The corresponding minimum and maximum parameters can be modified to run: mapreduce.map.memory.mb mapreduce.reduce.memory.mb mapreduce.map.cpu.vcores mapreduce.reduce.reduce.cpu.vcores

Task Task execution

  1. In this case, a Task has been assigned to a Container by ResourceManager. ApplicationMaster tells nodeManager to start the Container. The task will be run by a Java Application whose main function is YarnChild, but before running the task, first locate the jar packages, configuration files, and files loaded in the cache required by the task.
  2. YarnChild runs in a dedicated JVM, so any problem with a Single Map or Reduce job does not affect the entire NodeManager. 3. Each task can be completed in the same JVM task, and the completed processing data is then written to a temporary file.

Progress and status update

MapReduce is a long running batch process, which can be an hour, a few hours, or even a few days, so Job status monitoring is very important.

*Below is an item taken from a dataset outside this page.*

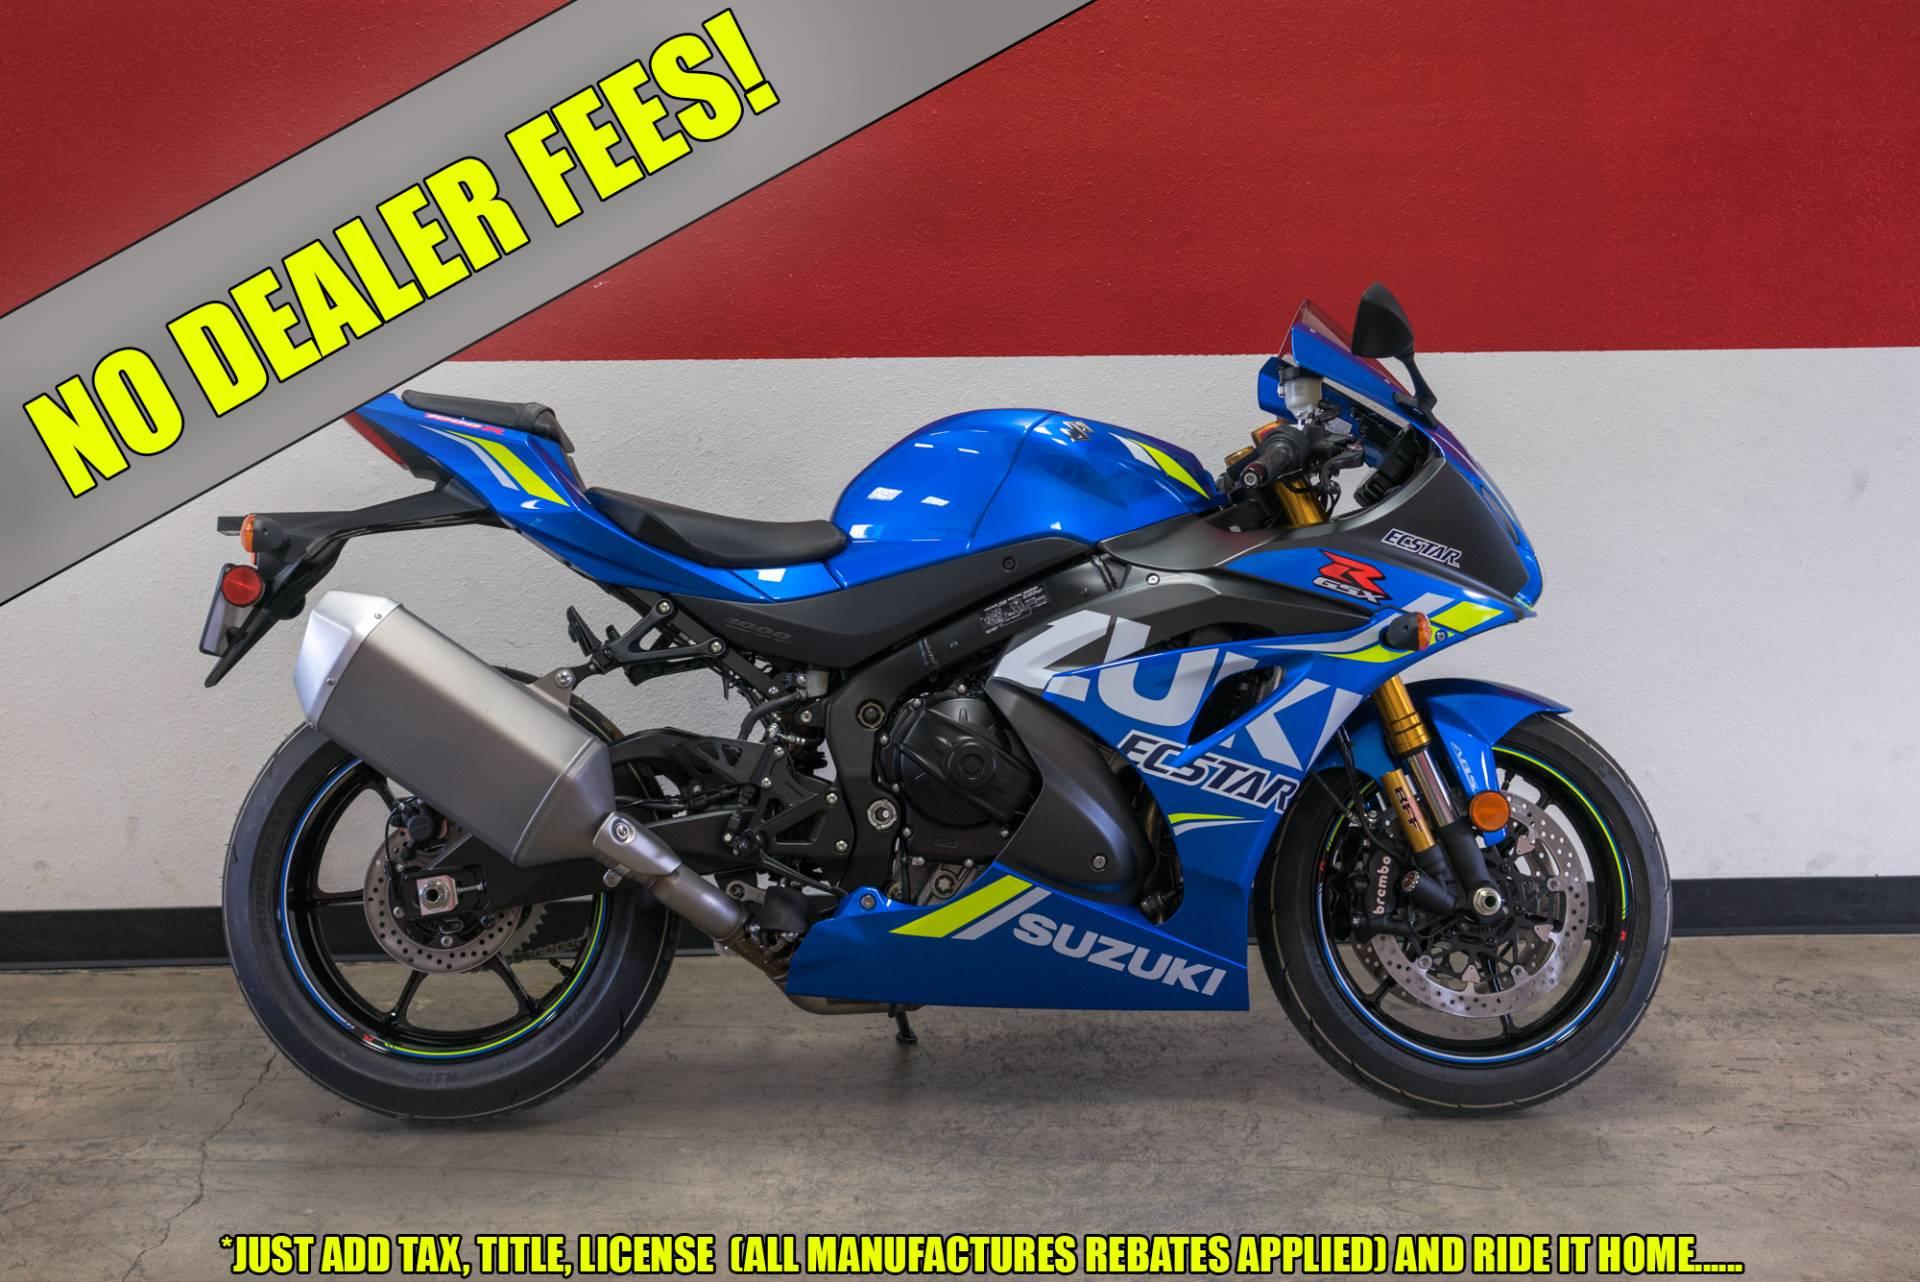 New 2018 suzuki gsx-r1000r motorcycles in brea, ca.

Each job and task has a status containing the job (running, successfully completed, failed), a counter for value, status information, and a description (the description is usually printed in the code).

How does this information communicate with the client?

When a task starts to be executed, it will keep running records to record the completion percentage of the task. For map tasks, it will record the percentage of their execution. It may be complicated for Reduce tasks, but the system will still estimate the completion percentage of Reduce tasks. When a Map or Reduce job is executed, the child process interacts with applicationMaster every three seconds.